Discute-se, doutrinariamente, sobre o cabimento de o juiz determinar a condução coercitiva das partes para a tentativa de conciliação. A maioria doutrinária defende a incompatibilidade de obrigar alguém a comparecer a algum lugar para tentar uma conciliação. A vontade de não comparecer indica claramente que não existe interesse em se conciliar. O juiz, nesse caso, considerará prejudicada a tentativa de conciliação e aceitará o recebimento da denúncia.

O rito do Juizado Especial (Lei n. 9.099/95) segue para as contravenções e crimes com penas máximas não superiores a dois anos, cumulada ou não com multa; exceto os crimes de procedimentos especiais. A Lei n. 11.313/06 alterou redação do artigo 61 daquela lei, passando a

especificação dos crimes com penas máximas de um para dois anos, conseqüentemente alterando o conceito de infrações penais de menor potencial ofensivo.

A Comissão Nacional de Interpretação da Lei n. 9.099/95 concluiu que

“essa lei é aplicável pelos juízes comuns (federal e estadual), militares e eleitorais, imediata e retroatividade, respeitada a coisa julgada, os institutos da Lei 9.099/95, como composição civil, extintiva da punibilidade (artigo 74, parágrafo único), transação (artigos 72 a 76), representação (artigo 88) e suspensão condicional do processo (artigo 89)”.189

O artigo 60 da referida lei especifica que “o Juizado Especial Criminal, provido por juízes togados ou togados e leigos, tem competência para conciliação, o julgamento e a execução das infrações penais de menor potencial ofensivo, respeitadas as regras de conexão e continência”.

O procedimento do Juizado Especial Criminal começa com a audiência preliminar. Nela estarão reunidos o autor do fato, a vítima, o responsável civil, os respectivos advogados e o representante do Ministério Público. Aberta a audiência, o juiz, conversando informalmente, esclarece às partes as vantagens da aceitação de um entendimento; essa é considerada como a tentativa de conciliação entre as partes.

O artigo 72 da lei determina como o juiz inicialmente trata o andamento da conciliação:

“Na audiência preliminar, presente o representante do Ministério Público, o autor do fato e a vítima e, se possível, o responsável civil, acompanhados por seus advogados, o Juiz esclarecerá sobre a possibilidade da composição dos danos e da aceitação da proposta de aplicação imediata de pena não privativa de liberdade” (artigo 72 da Lei n. 9.099/95).

A tentativa de conciliação para o campo penal somente existe transação, pois o Ministério Público transige quanto à pretensão punitiva e os autos do fato transigem quanto à possibilidade da absolvição.

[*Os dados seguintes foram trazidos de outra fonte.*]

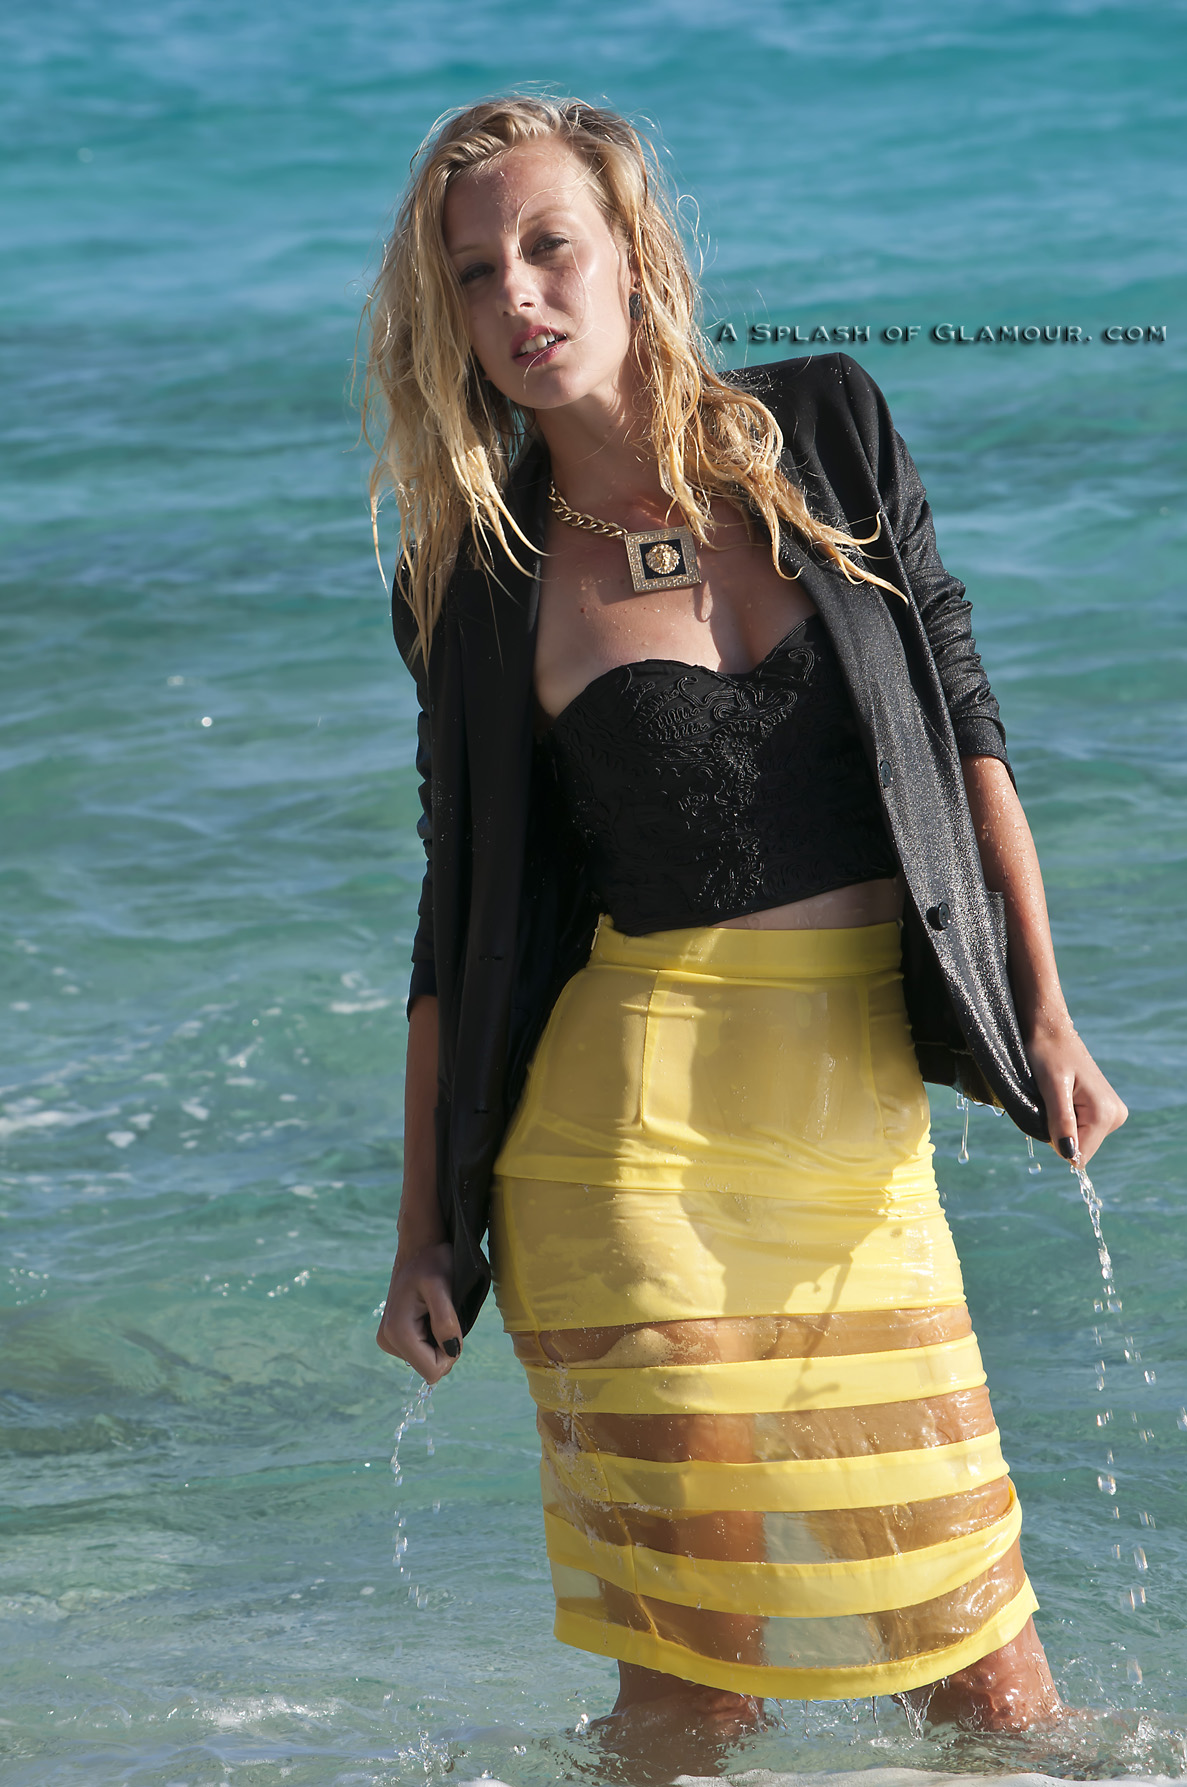 Emily yellow skirt at beach - SOG702

Consideram-se requisitos do juiz para a correta condução da conciliação:

a) buscar o acordo entre as partes para além da solução jurídica da controvérsia;

b) agir por equidade e não de acordo com o princípio estrito da legalidade; c) conciliar objetivando o fim maior da lei: pacificação social e o respeito à vontade das partes;

d) aconselhar, pacificar, indicar vantagens da conciliação, sem pressões. A conciliação será feita pelo juiz ou por conciliador mediante a orientação do juiz. “Os conciliadores são auxiliares da Justiça, recrutados, na forma da lei local, preferentemente entre bacharéis em Direito, excluídos os que exerçam funções na administração da Justiça Criminal” (parágrafo único do artigo 73 da Lei n. 9.099/95).

“Art. 74. Parágrafo único. Sendo ação penal de iniciativa privada ou de ação penal pública condicionada à representação, o acordo

homologado acarreta a renúncia ao direito de queixa ou representação”.

O autor, sendo regularmente intimado e não comparecendo à audiência preliminar, nem justificando sua ausência, não poderá ser conduzido coercitivamente, já que a aplicação do artigo 80 cabe somente nos casos de processo já instaurado. O juiz então designará a audiência de instrução e julgamento, e, conseqüentemente, estará prejudicada a tentativa de conciliação para aquele momento, nada impedindo sua retomada no início da próxima audiência. O mesmo ocorre ao não-comparecimento da vítima, quando regularmente intimada, ou seja, perde a oportunidade de conciliar-se.